You see, I never got back my figure after Martin was born and I put on a bit of weight. It was a relief, to tell you the truth. People didn’t look at me in that way any more. It made me feel much more relaxed about myself. So, no more glamour work. I certainly didn’t miss it much. When Martin was old enough for school I got a job cleaning houses and apartments. It was simple, easy work that I did part time.
Now I just had to get used to the looks I would get when I was out with my son. The cold stares that fall upon a white woman with a black child. I started to worry about the world he was growing up in. Poor Martin was only eight when we heard that his father had been shot dead by the police in Detroit. They said that Cato was part of a bank hold-up but I wasn’t sure about that. I think he was involved in something political. Muthaplane, the funk band he was in, recorded songs with secret messages in their lyrics, signals to a mothership from some distant planet.
I started to get scared again. I didn’t want the fear to get the better of me. I felt that if I didn’t find the right path, the devil might come for me once more. I had managed to keep one step ahead of him for a few years but now he was catching up with me again. Martin would soon be a teenager and I dreaded him getting into trouble and ending up like his father.
I was on medication for my nerves. I had tried all kinds of therapy to make sense of what had happened to me but nothing seemed to work. I was looking for something to believe in, a simple life, somewhere to settle down, to raise Martin and grow old in peace. I asked the heavens for guidance and I was shown the way.

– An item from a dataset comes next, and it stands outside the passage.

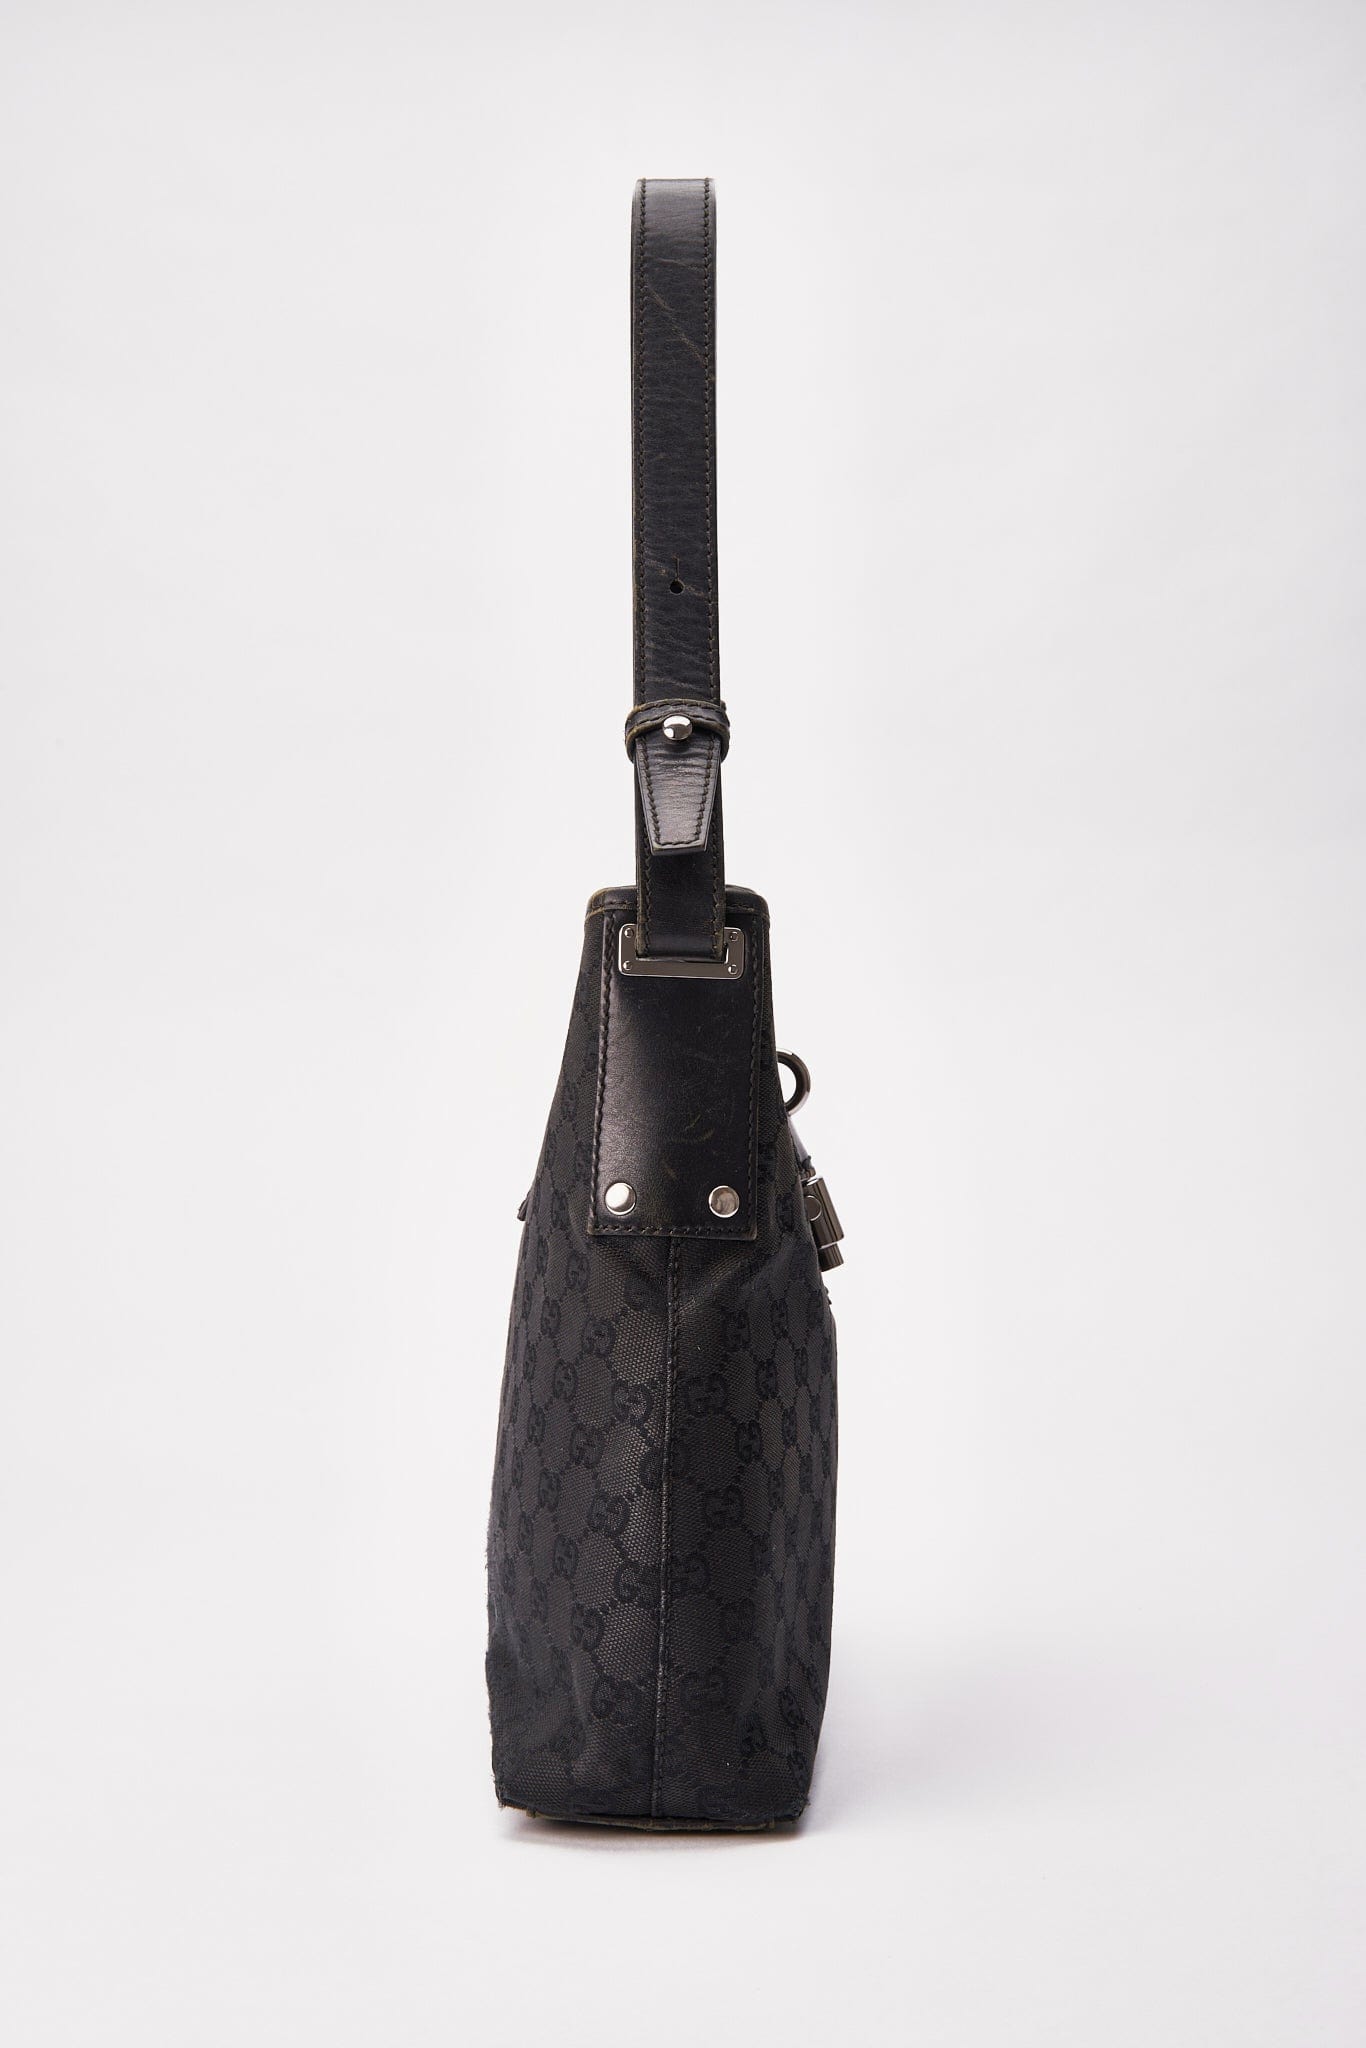 Vintage Gucci Black Shoulder Bag with Pistol Lock

A friend took me along to a Peoples Temple service at a big old church in Alvarado Street. I was never much one for church but there was so much joy and hope in that place, I was overwhelmed. And Martin loved it. He was singing along with the choir before long, being very musical just like his father. What really impressed me was the mix of peoples. The congregation was mostly black and coloured so they could never feel that they were a minority at the Peoples Temple. But there were plenty of white folks too. This was the sort of integration white liberals had been going on about for
years but had never made happen. And Jim Jones, the leader, had this incredible aura, full of righteous energy. A handsome man with Native Indian features: high cheekbones, jet-black hair. All the young members of the Peoples Temple called him Dad. He wore electric-blue robes and sunglasses.
He and his wife Marceline had experiences I could share. They have what they call their ‘rainbow family’ with Korean and coloured children. They were the first white couple in the state of Indiana to adopt a black child. Marceline told me that she had been spat on in the street when she had carried him as a baby.
So after a while we got on a Peoples Temple bus and came to San Francisco. I’m glad to have left LA behind. I really do believe it’s where the devil lives. It’s certainly a city that promises heaven and gives you hell. Me and Martin are having a much better time up here. We spent a summer in the commune in Redwood Valley. It was pure joy to see my son run free in the countryside.
It’s 1977 now and I feel that we’re at the start of a new beginning. Martin has been listening to a lot of reggae recently and he tells me that there is a Rastafarian prophecy that great changes will come the year that the two sevens clash.
A spacecraft called Voyager has just been launched. It will visit the planets and eventually leave the solar system and in thousands and thousands of years’ time it may reach another star. On it is a long-playing record of pure gold that has music from earth: Beethoven, Mozart, Chuck Berry. It also has recorded voices in different languages sending greetings to whoever might be out there.